I am dealing with ** video frame interpolation by deep learning ** at the university, and I will output the implementation I am trying in the process. I will continue to post the continuation of the implementation of frame interpolation for videos, so please follow LGTM & follow me if you like.

What I did this time is to build a network that uses actual video frames to generate 1 intermediate frame from 6 frames before and after.

Implementation environment

Google Colab https://colab.research.google.com/notebooks/welcome.ipynb?hl=ja

Implementation overview

** Deep learning that generates an intermediate frame from the front and rear frames (3 front and 3 rear). ** The network is DnCNN [1]. I have this network at hand, so I am using it. （[1] Kai Zhang, Wangmeng Zuo, Yunjin Chen, Deyu Meng, and Lei Zhang, “Beyond a Gaussian Denoiser: Residual Learning of Deep CNN for Image Denoising”, https://arxiv.org/abs/1608.03981）

The network of DnCNN is as follows. Originally, it was intended to remove noise. For input, the frame size is 160 * 90 and the number of channels is 18 channels (6 frames * RBG). For output, the frame size is similar and the number of channels is 3.

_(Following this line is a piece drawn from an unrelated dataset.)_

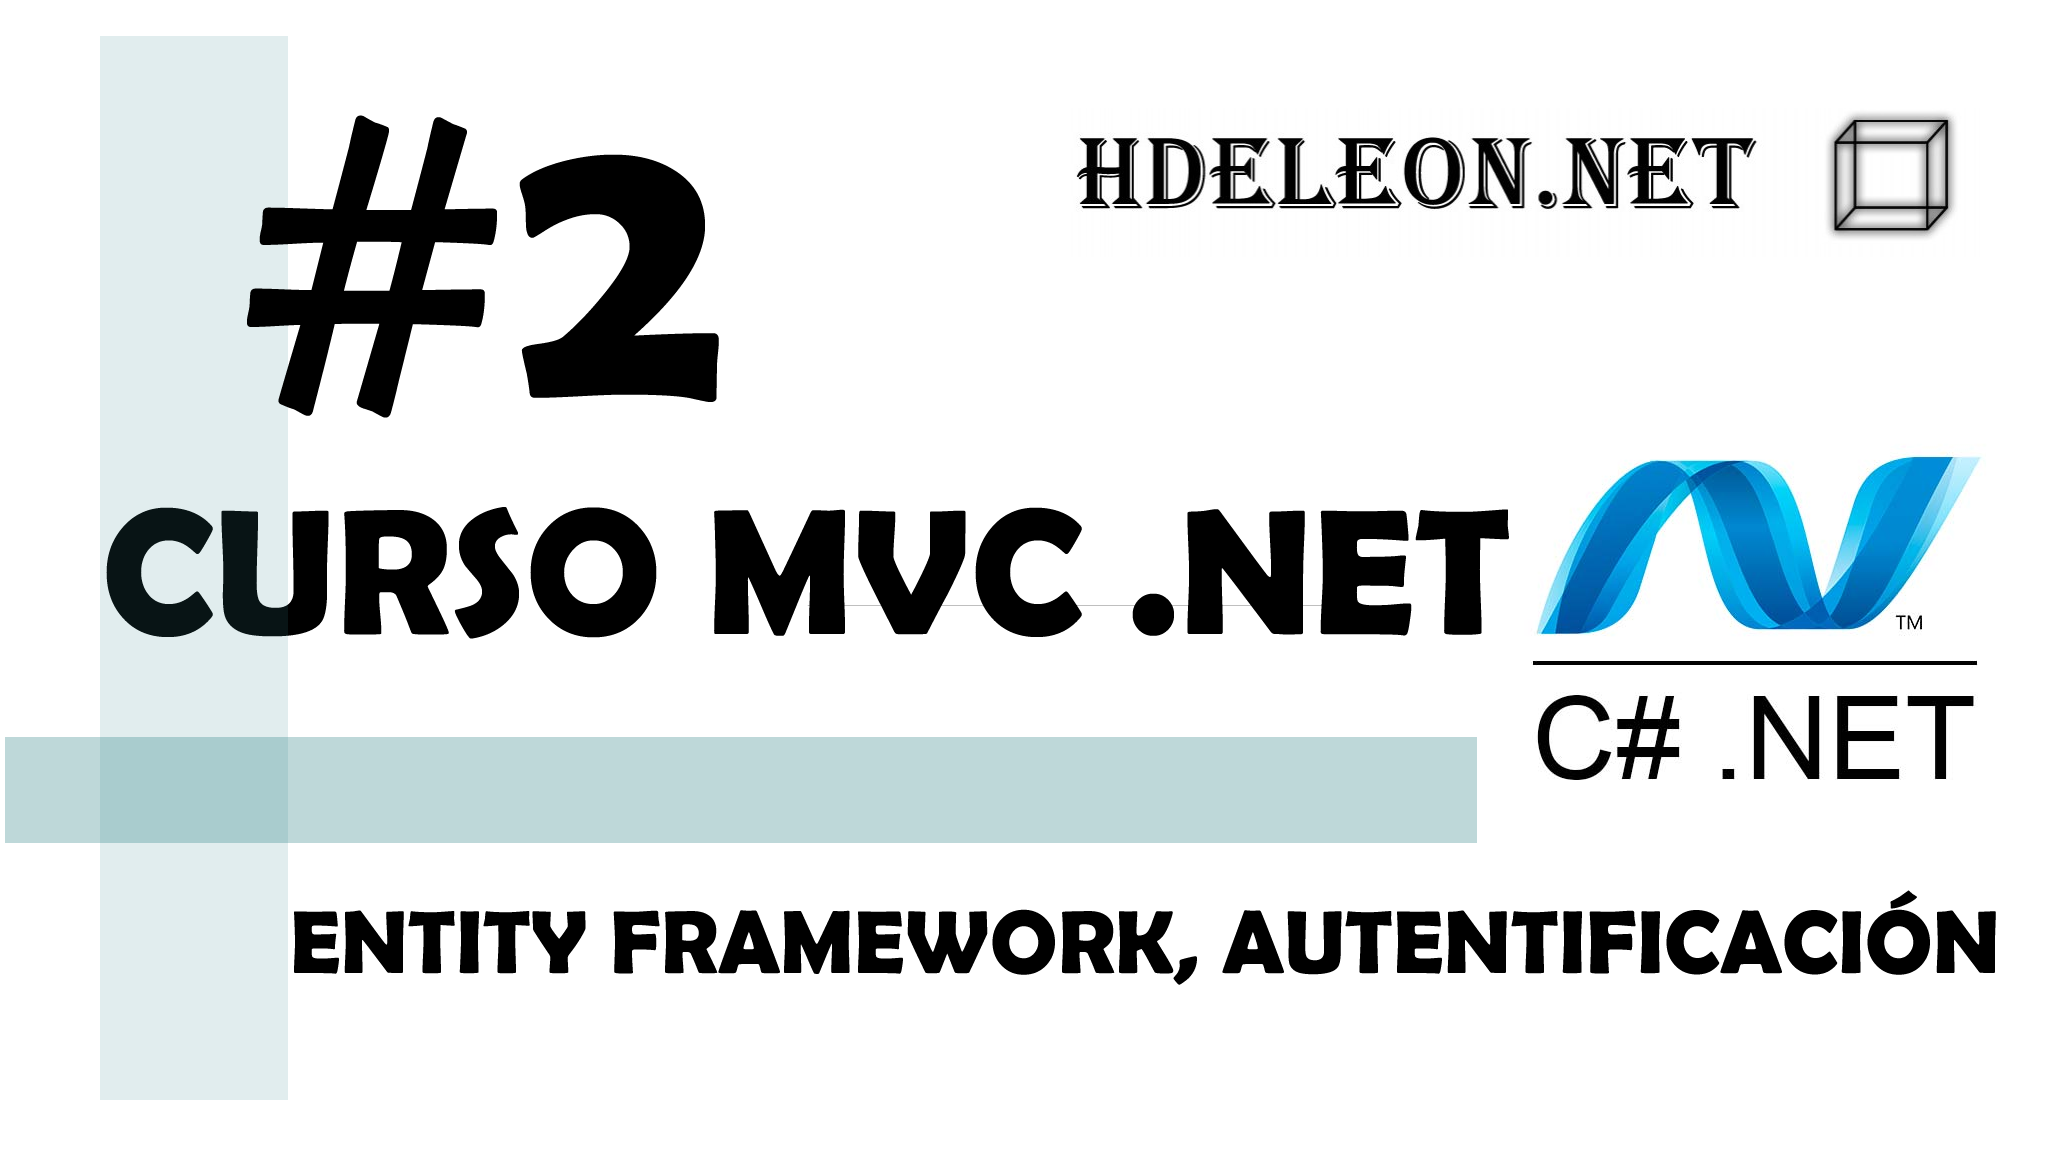 Curso de MVC .Net C# Entity Framework, autentificación #2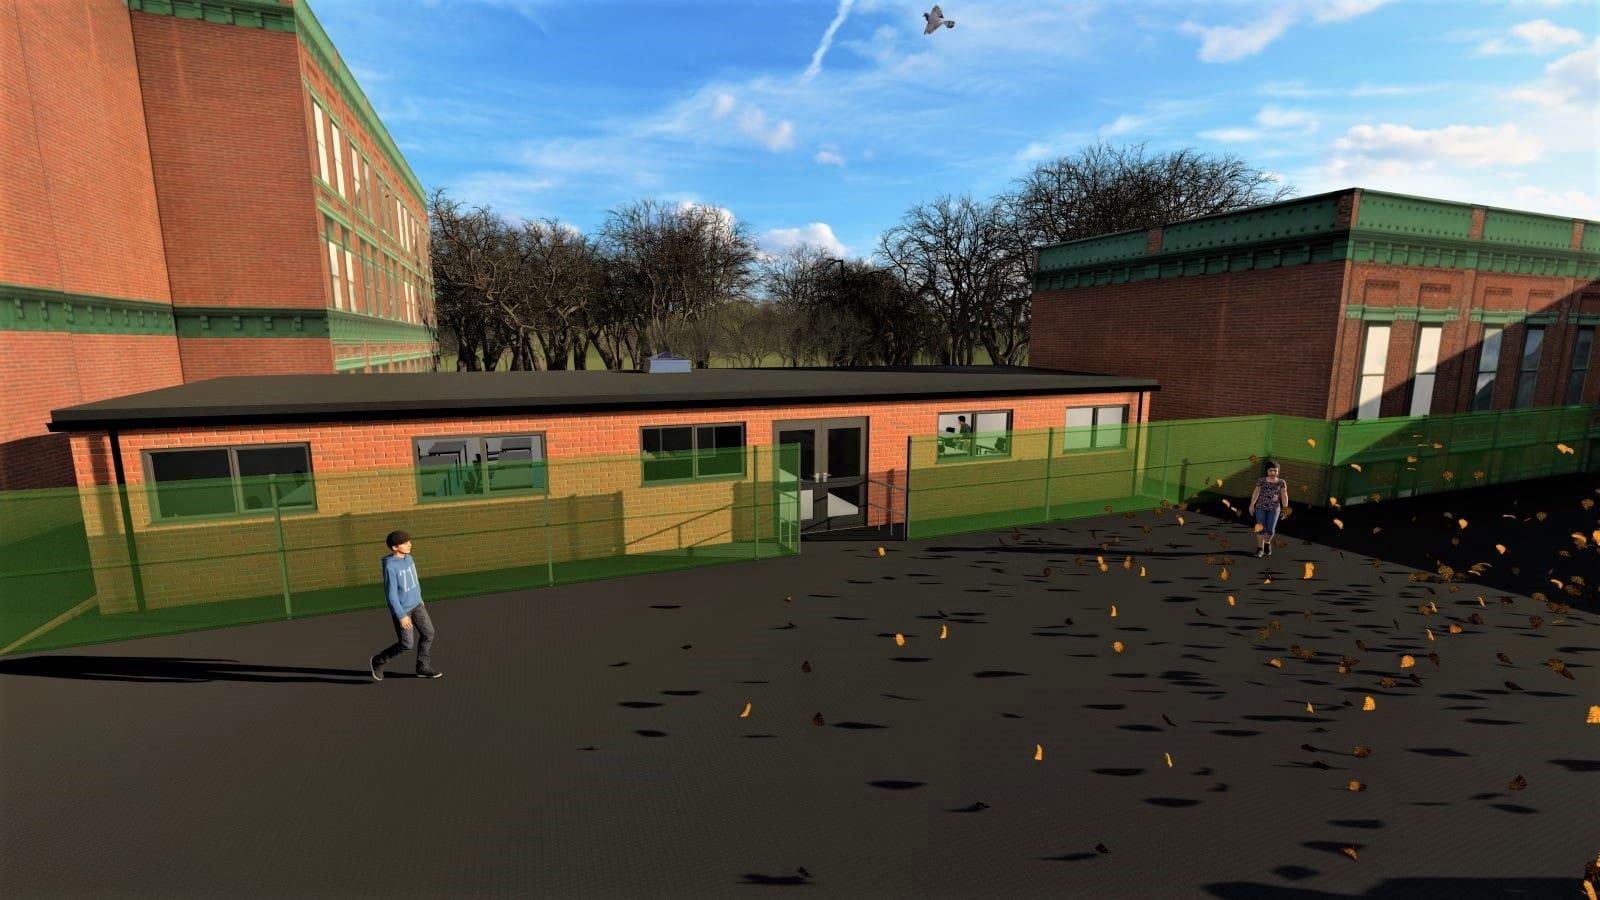 Wollaston School Modular Building & Landscape Revit 3D Visual

I messed with the parameters of the blue middle layer. It has 15 layers, a kernel size of 3 * 3, and 72 channels.

data set

I used MOT17 which took a picture of the city. https://motchallenge.net/ The number of sets is train 1320, test 1285.

result

The first image is the front 2 frames, the generated intermediate frame, and the rear 2 frames from the top. Actually, there is another input for each frame, but I omitted it because the image becomes small.

The following image is a comparison with the correct middle frame.

The result is that it cannot be said that it can be interpolated because it is pulled back and forth and the color is changing.

Performance evaluation

Click here for a graph of generalization performance. Since the values are close to each other, there seems to be no problem here. Click here for numerical data such as loss values.

The numerical value is not so bad. It is close to the loss value and average PSNR when one image was previously cropped and pseudo frame interpolation was performed. However, this seems to be because the front and back images are almost the same. The mid-top rate is low, so you need to raise it here.

Consideration

The reason why it could not be interpolated ・ Small number of data sets ・ Input 6 frames are not working well ・ Network (DnCNN) problems I think there are three points.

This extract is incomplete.